EXERCISE INPUTS:

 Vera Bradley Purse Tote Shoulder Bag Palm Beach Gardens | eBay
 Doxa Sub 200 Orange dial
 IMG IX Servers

...

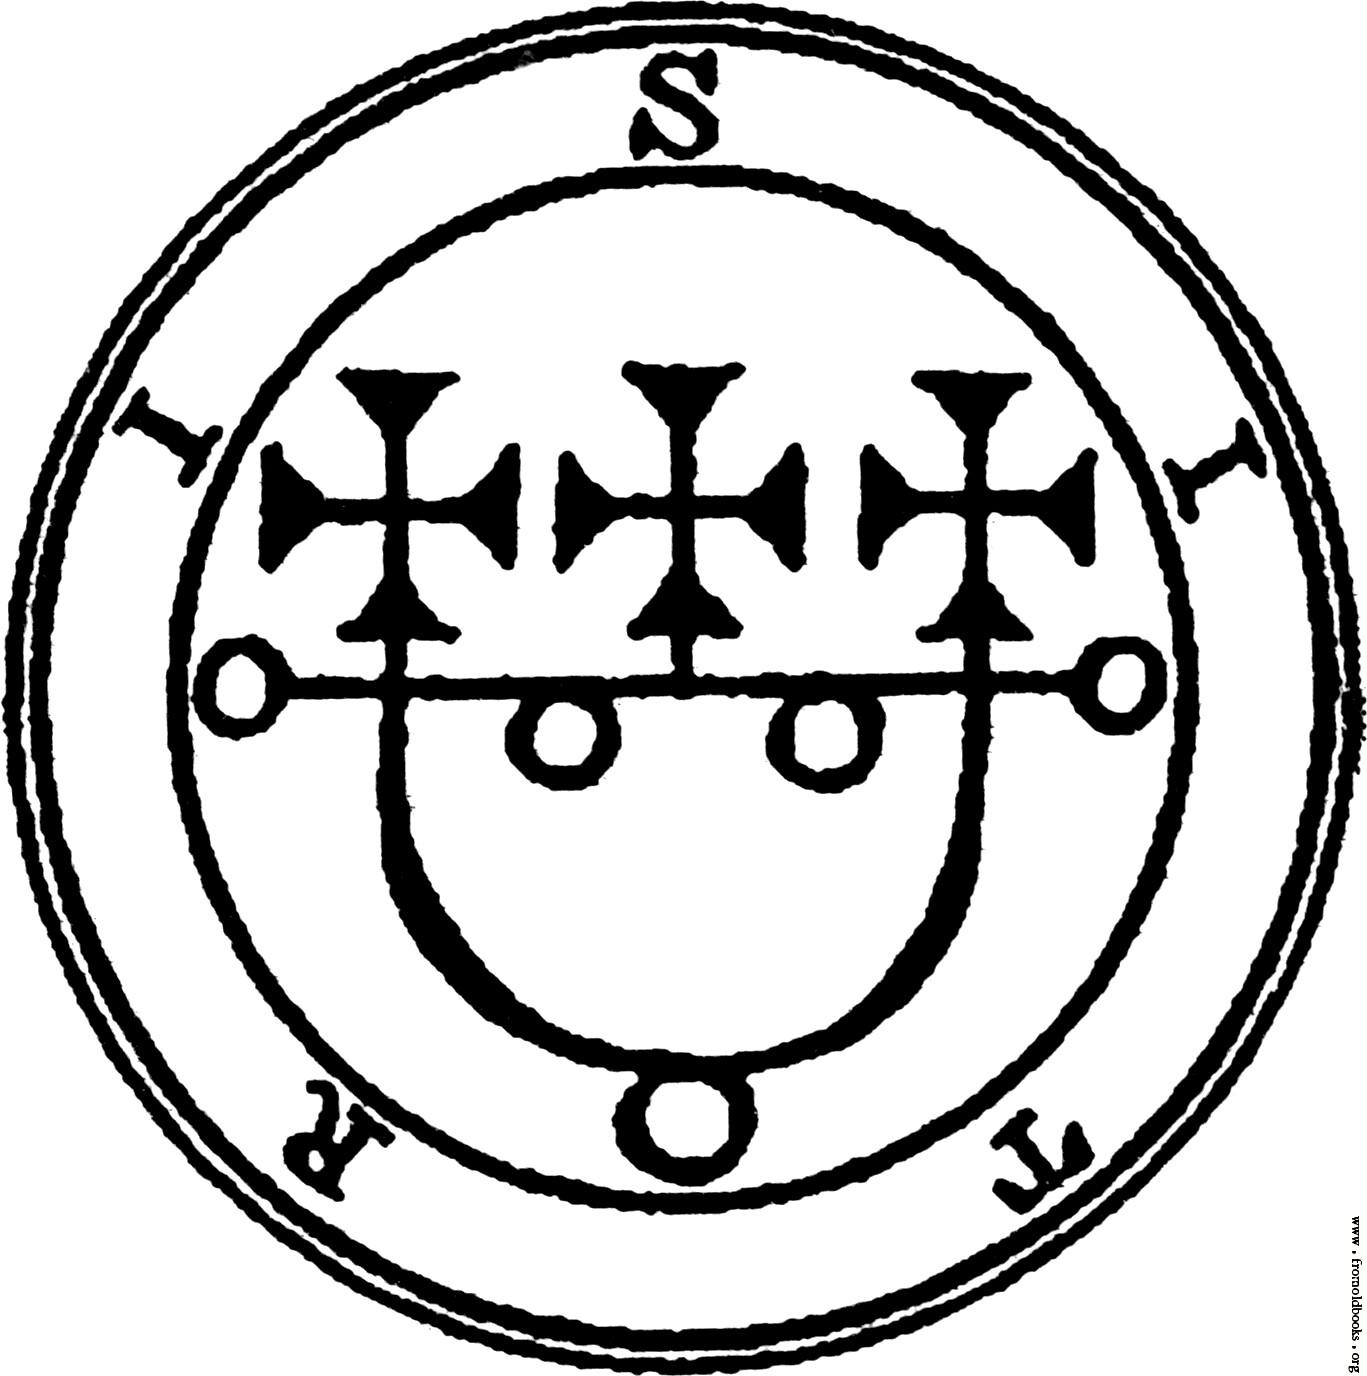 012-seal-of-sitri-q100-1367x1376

TASK GOAL:
Retype only this portion of the data above: the line containing "Vera Bradley Purse", the line containing "IMG IX Servers", and all lines between them, exactly.

ANSWER BOX:
 Vera Bradley Purse Tote Shoulder Bag Palm Beach Gardens | eBay
 Doxa Sub 200 Orange dial
 IMG IX Servers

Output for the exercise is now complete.